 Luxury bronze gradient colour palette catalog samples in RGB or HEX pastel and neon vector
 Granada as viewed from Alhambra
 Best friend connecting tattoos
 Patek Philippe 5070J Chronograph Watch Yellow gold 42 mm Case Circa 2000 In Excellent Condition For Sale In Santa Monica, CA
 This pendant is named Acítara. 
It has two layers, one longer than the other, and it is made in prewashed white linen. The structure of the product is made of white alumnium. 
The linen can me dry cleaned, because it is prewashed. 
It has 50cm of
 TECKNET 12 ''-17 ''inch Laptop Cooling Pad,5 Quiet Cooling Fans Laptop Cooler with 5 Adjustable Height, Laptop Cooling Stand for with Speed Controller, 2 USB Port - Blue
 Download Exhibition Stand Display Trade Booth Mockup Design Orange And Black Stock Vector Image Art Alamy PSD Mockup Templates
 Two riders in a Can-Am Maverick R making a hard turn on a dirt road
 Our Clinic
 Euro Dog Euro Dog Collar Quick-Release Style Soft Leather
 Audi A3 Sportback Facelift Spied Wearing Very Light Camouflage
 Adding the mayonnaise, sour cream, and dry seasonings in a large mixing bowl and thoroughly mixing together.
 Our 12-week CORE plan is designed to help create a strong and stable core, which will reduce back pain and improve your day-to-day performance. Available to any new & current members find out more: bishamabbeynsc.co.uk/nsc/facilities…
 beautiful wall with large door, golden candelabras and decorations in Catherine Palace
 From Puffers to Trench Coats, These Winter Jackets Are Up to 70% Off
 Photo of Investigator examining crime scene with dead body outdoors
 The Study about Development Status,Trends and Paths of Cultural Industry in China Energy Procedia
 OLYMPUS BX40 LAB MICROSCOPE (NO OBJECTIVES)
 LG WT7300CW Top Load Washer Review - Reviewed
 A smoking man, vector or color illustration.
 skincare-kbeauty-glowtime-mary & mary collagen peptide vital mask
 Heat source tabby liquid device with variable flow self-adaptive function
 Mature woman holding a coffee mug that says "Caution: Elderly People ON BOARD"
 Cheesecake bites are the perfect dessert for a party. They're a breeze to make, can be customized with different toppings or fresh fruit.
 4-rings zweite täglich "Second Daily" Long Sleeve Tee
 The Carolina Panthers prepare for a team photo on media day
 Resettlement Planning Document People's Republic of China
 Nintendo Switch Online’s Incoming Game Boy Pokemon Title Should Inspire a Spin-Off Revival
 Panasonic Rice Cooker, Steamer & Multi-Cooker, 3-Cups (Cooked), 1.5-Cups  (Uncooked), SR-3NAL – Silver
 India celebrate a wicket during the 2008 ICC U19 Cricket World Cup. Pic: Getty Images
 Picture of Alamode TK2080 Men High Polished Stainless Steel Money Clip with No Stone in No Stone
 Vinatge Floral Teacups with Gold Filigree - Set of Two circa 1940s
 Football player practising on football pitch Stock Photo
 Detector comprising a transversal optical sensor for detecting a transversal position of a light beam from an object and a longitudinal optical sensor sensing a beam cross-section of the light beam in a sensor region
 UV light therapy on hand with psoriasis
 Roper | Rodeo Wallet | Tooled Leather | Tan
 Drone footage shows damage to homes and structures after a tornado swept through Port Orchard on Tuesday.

•••••

**The problem:** Where does the string "large" appear in the records above? Return every line that holds it.

**Answer section:**
 Adding the mayonnaise, sour cream, and dry seasonings in a large mixing bowl and thoroughly mixing together.
 beautiful wall with large door, golden candelabras and decorations in Catherine Palace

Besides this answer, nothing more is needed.